Missing Number #
Problem Statement #
Given an array containing n distinct numbers taken from the range 0, 1, 2, ..., n
, find the one number that is missing from the array.
Examples #
Example 1:
- Input:
[3,0,1]
- Output:
2
- Explanation: The array contains numbers from 0 to 3, but 2 is missing.
Example 2:
- Input:
[9,6,4,2,3,5,7,0,1]
- Output:
8
- Explanation: The array should contain numbers from 0 to 9, but 8 is missing.
Solution #
var missingNumber = function(nums) {
// Calculate sum of all elements in the array
let sum = 0;
// Iterate through array and accumulate sum
for (let i = 0; i < nums.length; i++) {
sum += nums[i];
}
// Calculate expected sum using Gauss's formula
let target = ((nums.length) * (nums.length + 1)) / 2;
// The difference is our missing number
return target - sum;
};
Approach #
The solution uses a mathematical approach based on the sum of consecutive integers. Instead of searching through the array multiple times or using additional data structures, we leverage the fact that we know exactly what numbers should be present and can calculate what their sum should be.
The key insight is that if we know the expected sum of all numbers from 0 to n, and we know the actual sum of the numbers present in the array, the difference between these two values must be the missing number.
Algorithm Breakdown #
Step 1: Calculate Actual Sum #
for (let i = 0; i < nums.length; i++) {
sum += nums[i];
}
This loop iterates through each element in the input array and accumulates their sum. After this loop completes, sum
contains the total of all elements currently present in the array.

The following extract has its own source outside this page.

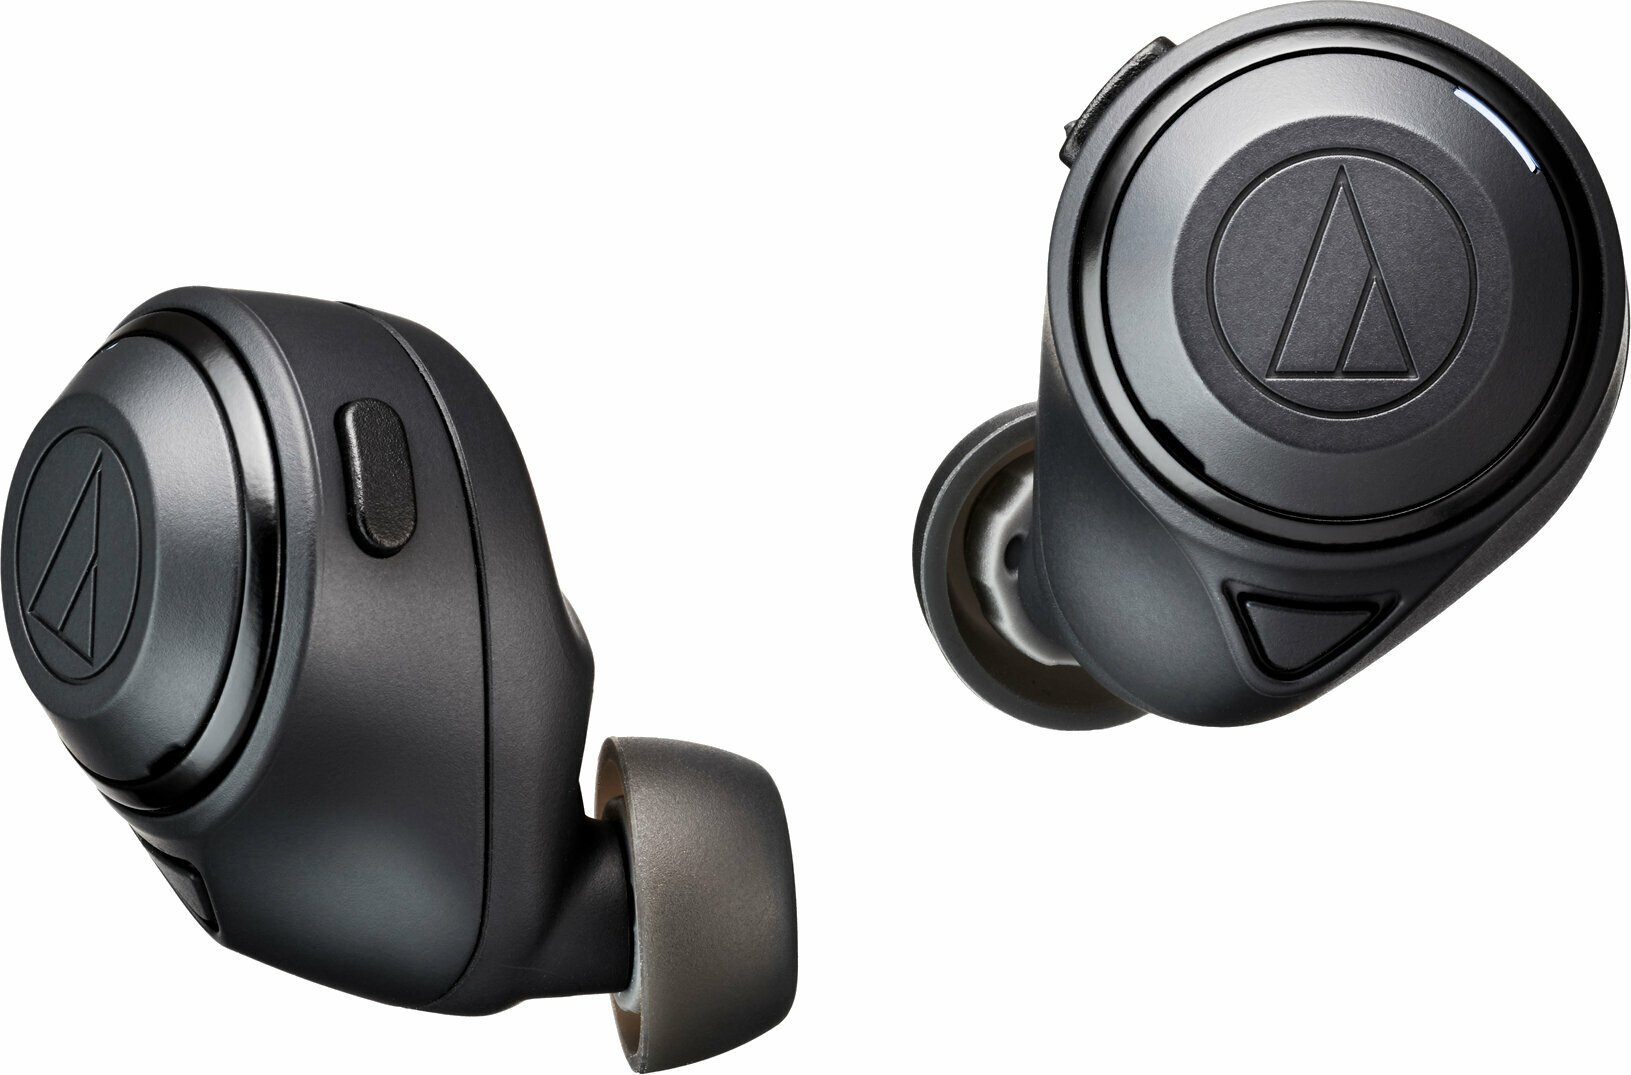 True Wireless In-ear Audio-Technica ATH-CKS50TW Black
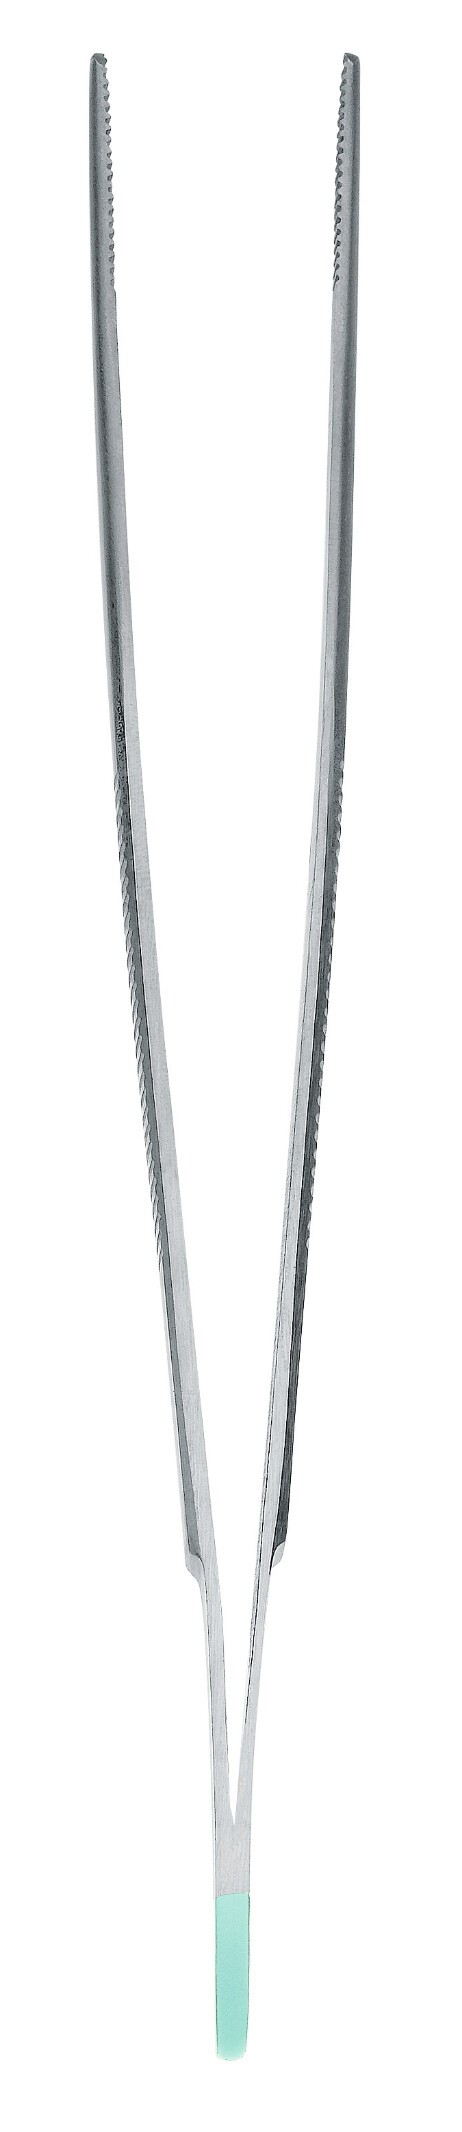 Sproeteninstrument standaard pincet anatomisch recht 14cm

For example, with input [3,0,1]
:
- Initially:
sum = 0
- After processing 3:
sum = 3
- After processing 0:
sum = 3
- After processing 1:
sum = 4
Step 2: Calculate Expected Sum #
let target = ((nums.length) * (nums.length + 1)) / 2;
This line uses Gauss’s formula for the sum of consecutive integers. Let me explain the mathematics behind this:
Gauss’s Formula: The sum of consecutive integers from 1 to n is: n × (n + 1) / 2
However, our sequence starts from 0, not 1. Since 0 doesn’t contribute to the sum, we can think of this as summing n+1 numbers where the first is zero.
Here’s why we use nums.length
instead of nums.length + 1
:
- The array has
nums.length
elements - But we’re missing one number, so the complete sequence should have
nums.length + 1
elements (from 0 to n) - When we apply the formula for n+1 elements:
(n+1) × ((n+1) + 1) / 2
- Simplifying:
(n+1) × (n+2) / 2
- But since our sequence starts at 0, we can substitute n with
nums.length
to get:nums.length × (nums.length + 1) / 2
For example, with input [3,0,1]
:
nums.length = 3
- Complete sequence should be:
[0,1,2,3]
(4 elements) - Expected sum:
3 × 4 / 2 = 6
Step 3: Find Missing Number #
return target - sum;
The missing number is simply the difference between what the sum should be and what it actually is.
Continuing our example:
target = 6
(sum of 0,1,2,3)sum = 4
(sum of 0,1,3)missing = 6 - 4 = 2
Complexity Analysis #
Time Complexity: O(n)
- We iterate through the array once to calculate the sum
- All other operations are O(1)
Space Complexity: O(1)
- We only use a constant amount of extra space for variables
sum
andtarget
- No additional data structures are needed
Alternative Approaches #
While the mathematical approach is elegant and efficient, there are other ways to solve this problem:
1. XOR Approach #
Using the XOR bitwise operator, which has the property that a ^ a = 0
and a ^ 0 = a
:
var missingNumber = function(nums) {
let result = nums.length;
for (let i = 0; i < nums.length; i++) {
result ^= i ^ nums[i];
}
return result;
};
2. Hash Set Approach #
Create a set of all numbers and check which one is missing:
var missingNumber = function(nums) {
const numSet = new Set(nums);
for (let i = 0; i <= nums.length; i++) {
if (!numSet.has(i)) {
return i;
}
}
};
3. Sorting Approach #
Sort the array and find the gap:
var missingNumber = function(nums) {
nums.sort((a, b) => a - b);
for (let i = 0; i < nums.length; i++) {
if (nums[i] !== i) {
return i;
}
}
return nums.length;
};
Why Choose the Sum Approach? #
The mathematical sum approach presented in the main solution is optimal because:
- Simplicity: The logic is straightforward and easy to understand once you know Gauss’s formula
- Efficiency: O(n) time complexity with only one pass through the array
- Space-efficient: O(1) space complexity with no additional data structures
- No edge cases: Works for all valid inputs without special handling
This makes it an excellent solution for technical interviews and real-world applications where performance matters.